Much commentary to date has misunderstood the political impact of economic distress. A common view is that because Trump advocates for the “forgotten men and women,” he draws inherent strength from those experiencing economic distress. But instead, economic distress appears to do what weakness in the larger macro-economy typically does for an incumbent president: It serves as a referendum for those who do not have strong partisan loyalties. The more these people are struggling economically, the more they blame the president.
Despite the ongoing recovery from the Great Recession, economic distress remains a fact of life for many Americans. A great deal of reporting during and after the 2016 presidential election focused on the economic distress of some white Americans and attributed Trump’s success to that distress.

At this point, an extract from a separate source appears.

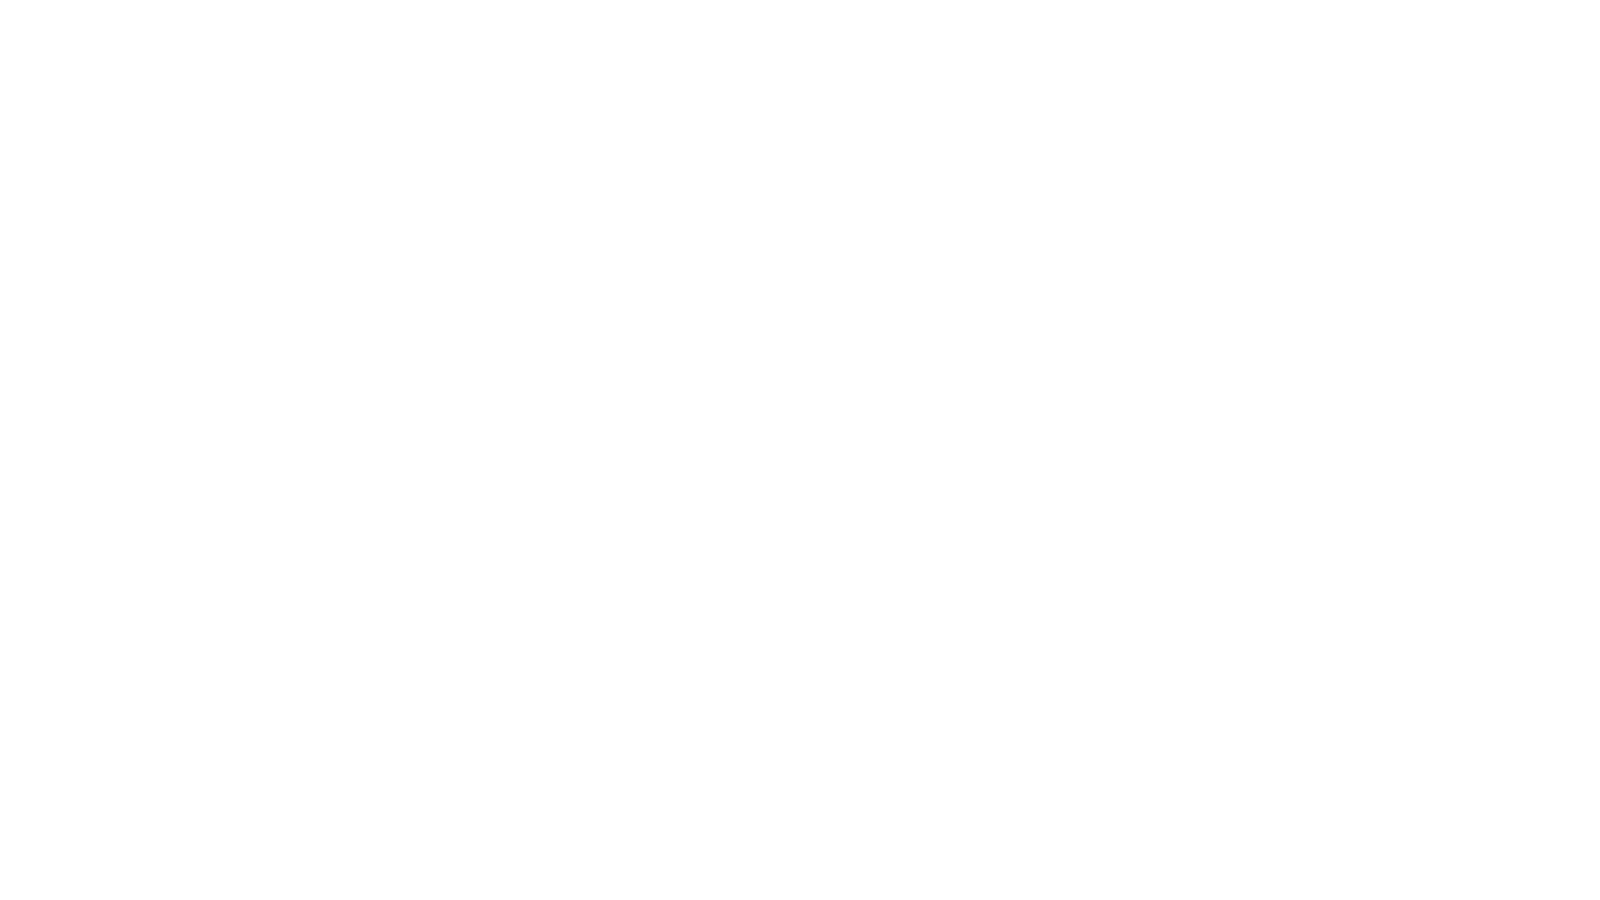 Dandimite OFFICIAL SITE & WEB SHOP https://dandimite.sandalista.net  TITLE : sideA その道のプロ / sideAA きっと今夜もNICE&SWEET レーベル : X-plotion 価格 : 1500円(税別) 発売日 : 2021年9月1日  ▫️収録曲  SIDE A : その道のプロ / KEY-ROCK & DANDIMITE (Riddim,Mix,Mastering : Studio Chelsea)  SIDE AA : きっと今夜もNICE&SWEET / KID-RAT & DANDIMITE (Riddim : Takuchaman / Mix,Mastering : Hunter chance studio)

Our analysis, however, suggests that this focus was misplaced. Economic distress in the United States is more prevalent among black people and Hispanics than among white people, even white people with less formal education. Moreover, in surveys conducted both before and after the election, Trump voters did not report higher levels of distress than did Clinton supporters. Economic distress was not the central cleavage in the American electorate in 2016.
Moving forward, economic distress in the electorate will not advantage President Trump. As the incumbent president, he will — rightly or wrongly — be blamed for economic problems in the country and in Americans’ lives. President Trump is already less popular than past presidents presiding over similarly robust economies.(x) For this reason, any increase in economic distress poses a real risk to his reelection prospects as well as the prospects of other Republican candidates.